__Extracted records__:

<<<<

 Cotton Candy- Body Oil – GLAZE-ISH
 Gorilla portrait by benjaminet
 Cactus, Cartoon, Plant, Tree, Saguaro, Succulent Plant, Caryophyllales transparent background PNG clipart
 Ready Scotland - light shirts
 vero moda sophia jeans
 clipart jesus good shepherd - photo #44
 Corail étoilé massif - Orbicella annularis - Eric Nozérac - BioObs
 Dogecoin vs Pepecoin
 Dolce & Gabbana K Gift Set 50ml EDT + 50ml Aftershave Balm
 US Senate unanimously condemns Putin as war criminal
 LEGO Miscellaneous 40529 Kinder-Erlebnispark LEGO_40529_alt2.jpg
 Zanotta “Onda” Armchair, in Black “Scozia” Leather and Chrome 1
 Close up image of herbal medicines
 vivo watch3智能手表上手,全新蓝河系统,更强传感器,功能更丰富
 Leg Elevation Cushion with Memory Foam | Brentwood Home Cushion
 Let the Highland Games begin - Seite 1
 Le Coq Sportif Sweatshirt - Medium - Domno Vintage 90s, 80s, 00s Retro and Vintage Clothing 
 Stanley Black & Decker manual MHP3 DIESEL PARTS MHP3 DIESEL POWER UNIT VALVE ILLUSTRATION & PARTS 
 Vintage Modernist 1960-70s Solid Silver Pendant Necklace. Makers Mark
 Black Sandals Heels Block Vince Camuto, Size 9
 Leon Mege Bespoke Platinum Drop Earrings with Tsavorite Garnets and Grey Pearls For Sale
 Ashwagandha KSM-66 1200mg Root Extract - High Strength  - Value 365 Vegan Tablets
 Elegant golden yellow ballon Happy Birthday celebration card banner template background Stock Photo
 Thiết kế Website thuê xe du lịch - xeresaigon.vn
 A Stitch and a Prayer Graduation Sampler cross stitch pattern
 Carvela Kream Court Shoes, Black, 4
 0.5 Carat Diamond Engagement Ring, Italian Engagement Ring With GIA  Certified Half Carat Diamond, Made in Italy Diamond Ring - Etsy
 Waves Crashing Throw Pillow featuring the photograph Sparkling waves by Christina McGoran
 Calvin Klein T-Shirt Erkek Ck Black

>>>>

__Assignment__: All lines of the data above must be returned exactly.

__Result below__:
 Cotton Candy- Body Oil – GLAZE-ISH
 Gorilla portrait by benjaminet
 Cactus, Cartoon, Plant, Tree, Saguaro, Succulent Plant, Caryophyllales transparent background PNG clipart
 Ready Scotland - light shirts
 vero moda sophia jeans
 clipart jesus good shepherd - photo #44
 Corail étoilé massif - Orbicella annularis - Eric Nozérac - BioObs
 Dogecoin vs Pepecoin
 Dolce & Gabbana K Gift Set 50ml EDT + 50ml Aftershave Balm
 US Senate unanimously condemns Putin as war criminal
 LEGO Miscellaneous 40529 Kinder-Erlebnispark LEGO_40529_alt2.jpg
 Zanotta “Onda” Armchair, in Black “Scozia” Leather and Chrome 1
 Close up image of herbal medicines
 vivo watch3智能手表上手,全新蓝河系统,更强传感器,功能更丰富
 Leg Elevation Cushion with Memory Foam | Brentwood Home Cushion
 Let the Highland Games begin - Seite 1
 Le Coq Sportif Sweatshirt - Medium - Domno Vintage 90s, 80s, 00s Retro and Vintage Clothing 
 Stanley Black & Decker manual MHP3 DIESEL PARTS MHP3 DIESEL POWER UNIT VALVE ILLUSTRATION & PARTS 
 Vintage Modernist 1960-70s Solid Silver Pendant Necklace. Makers Mark
 Black Sandals Heels Block Vince Camuto, Size 9
 Leon Mege Bespoke Platinum Drop Earrings with Tsavorite Garnets and Grey Pearls For Sale
 Ashwagandha KSM-66 1200mg Root Extract - High Strength  - Value 365 Vegan Tablets
 Elegant golden yellow ballon Happy Birthday celebration card banner template background Stock Photo
 Thiết kế Website thuê xe du lịch - xeresaigon.vn
 A Stitch and a Prayer Graduation Sampler cross stitch pattern
 Carvela Kream Court Shoes, Black, 4
 0.5 Carat Diamond Engagement Ring, Italian Engagement Ring With GIA  Certified Half Carat Diamond, Made in Italy Diamond Ring - Etsy
 Waves Crashing Throw Pillow featuring the photograph Sparkling waves by Christina McGoran
 Calvin Klein T-Shirt Erkek Ck Black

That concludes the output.